Weekly Chart Review: 'Sin City' Closes, 'V for Vendetta' Flees Zorro's Wake
A guide to the significant happenings at the box office for the week ending Aug. 18, 2005.

Overall Business

Led by Four Brothers and The Skeleton Key, the week totaled $177.1 million, slightly up over last week. Business, though, was down 11 percent from the corresponding week in 2004, when Alien vs. Predator and The Princess Diaries 2: Royal Engagement debuted.

For the year, box office reached $5.7 billion. That's more than nine percent behind 2004, which had $6.3 billion at the same point, and down about 12 percent in terms of number of tickets sold.

Related Charts: Year-to-Date Comparison | 2005 Grosses

Milestones

There wasn't much in the way of milestones this past week, but Wedding Crashers became the 288th movie to top $200 million worldwide. The ribald comedy is a domestic phenomenon with $169.6 million as of Aug. 18, but it hasn't aroused nearly as much interest overseas with $33.8 million thus far.

Related Chart: All Time Worldwide

End-of-Run

Timed right before its debut on DVD, Miramax/Dimension closed Sin City on Aug. 11. Directors Robert Rodriguez' and Frank Miller's comic book noir extracted $74.1 million from a peak 3,230 theaters, performing at the high end for an overtly stylized genre picture. With a $29.1 million opening weekend, the movie was front-loaded, but it slightly out-grossed each of Quentin Tarantino's Kill Bill volumes.

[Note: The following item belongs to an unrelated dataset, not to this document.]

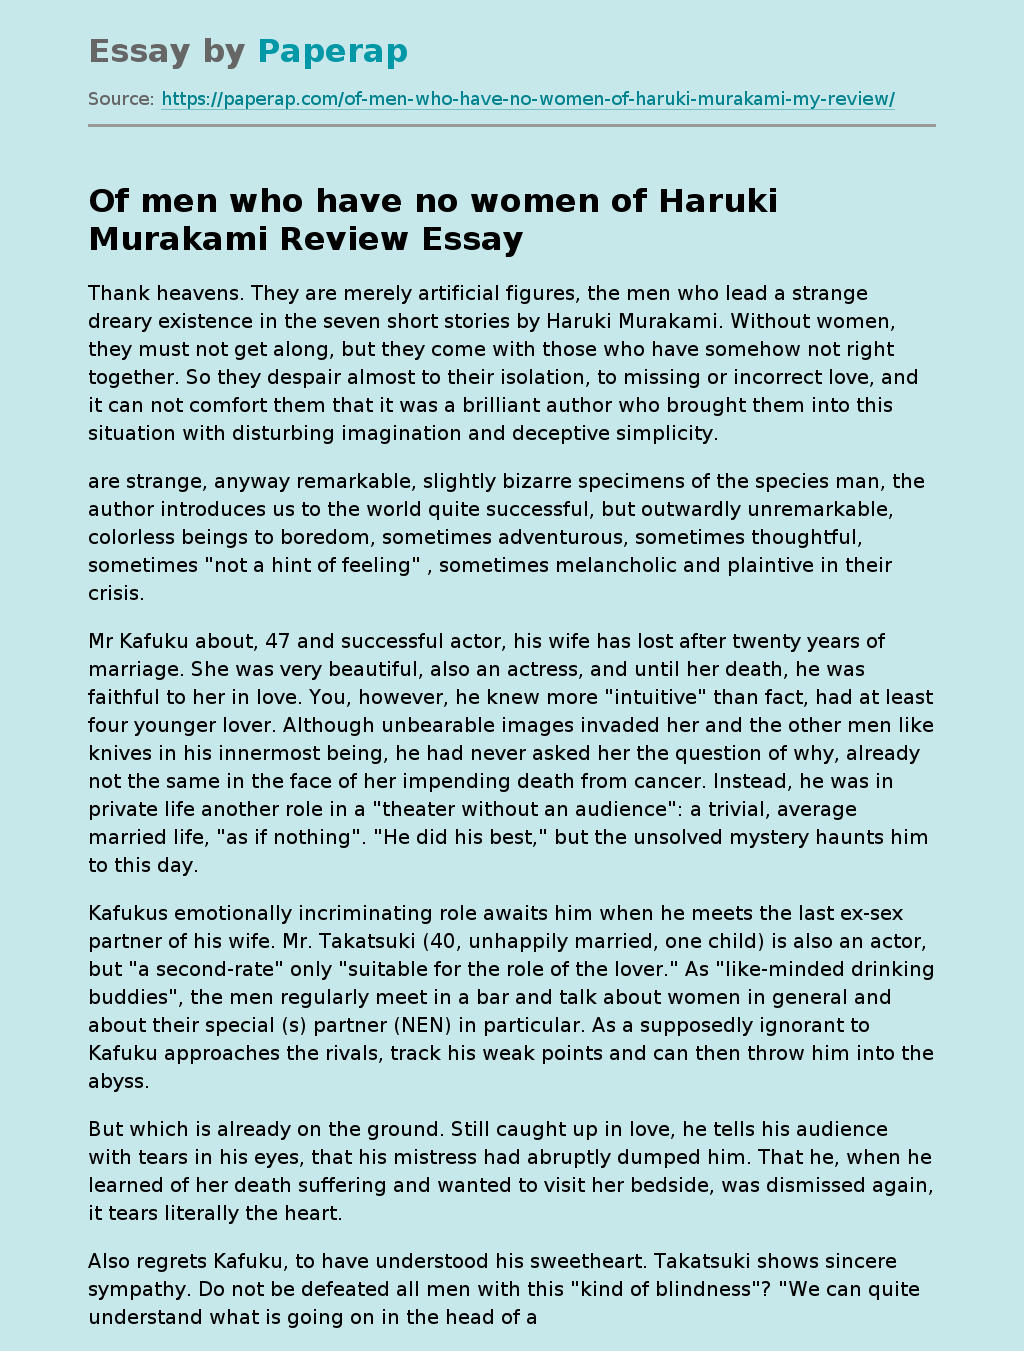 Of Men Who Have No Women Of Haruki Murakami Review

Newmarket/Picturehouse stopped tracking The Chumscrubber, even though the picture is scheduled to open in Los Angeles on Aug. 26. The suburban comedy-drama with a name ensemble cast including Jamie Bell, Glenn Close and Ralph Fiennes scrounged up a mere $52,597 in two weeks of limited release.

Date Shifts

Warner Bros. pushed V for Vendetta from Nov. 4 to March 17, 2006, citing post-production delays as the reason. Set in an alternate London, the action thriller is about a masked vigilante trying to overthrow a totalitarian government. Featuring Natalie Portman and Hugo Weaving, it started production on March 3.

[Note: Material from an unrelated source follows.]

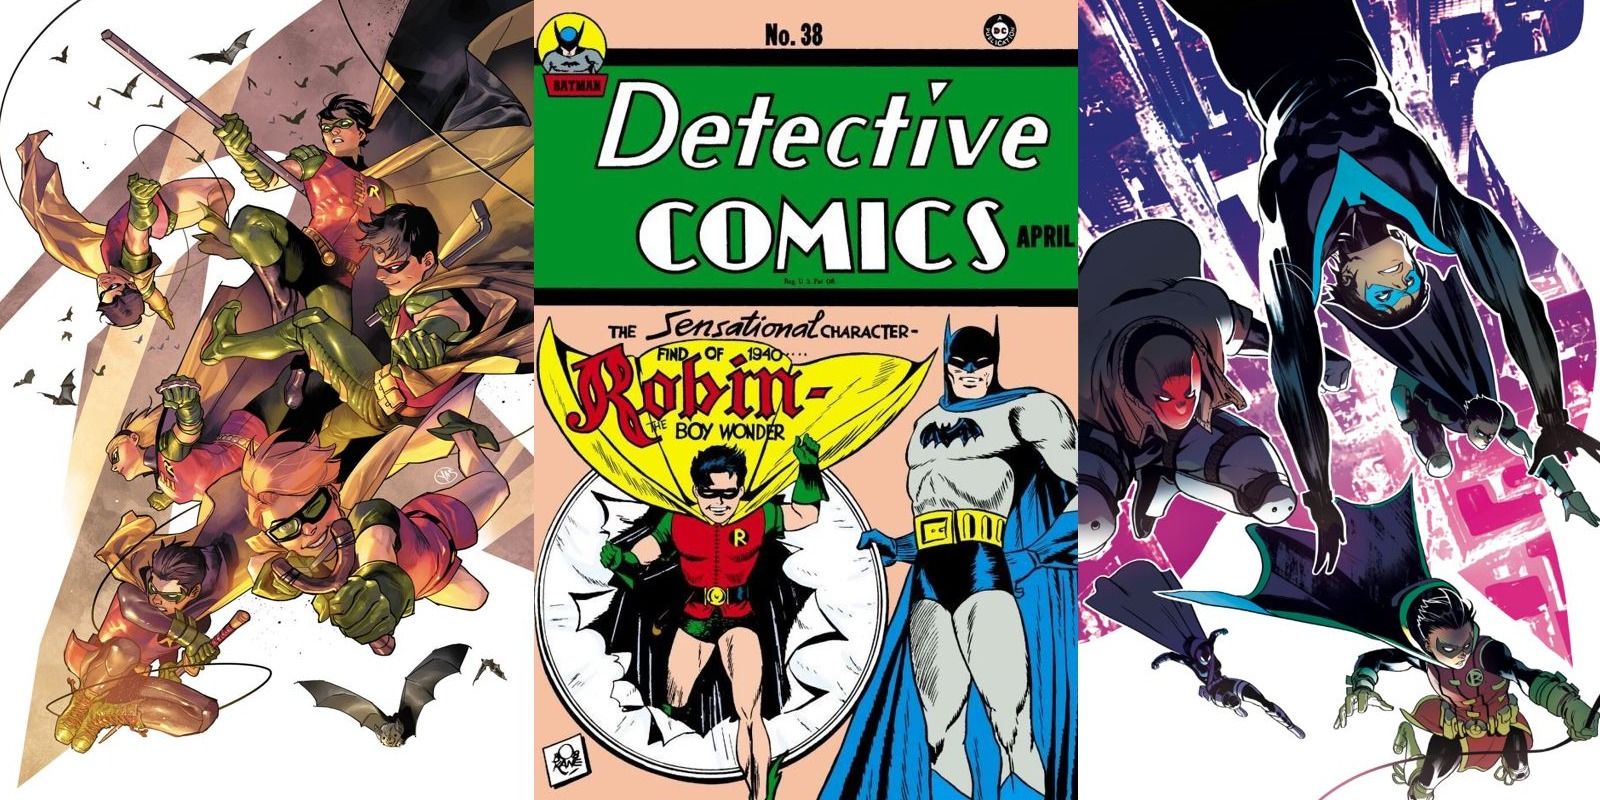 three way image of Robins from DC Comics like Dick Grayson, Jason Todd, and Damian Wayne

V for Vendetta's move is a bit awkward because the trailer ends with the voiceover, "Remember, remember the fifth of November," which is also the picture's tagline. With its original release date, V would have been in the wake of The Legend of Zorro, bowing with its similarly dressed and weapon-wielding hero on Oct. 28, but would have had the jump on Aeon Flux, another vigilante-versus-totalitarian-government action picture opening on Dec. 2.

Warner Bros. previously had Lucky You, a poker drama starring Eric Bana, set for March 17. Replaced by V for Vendetta, the studio has not specified a new date, listing it for sometime in the first or second quarter of next year.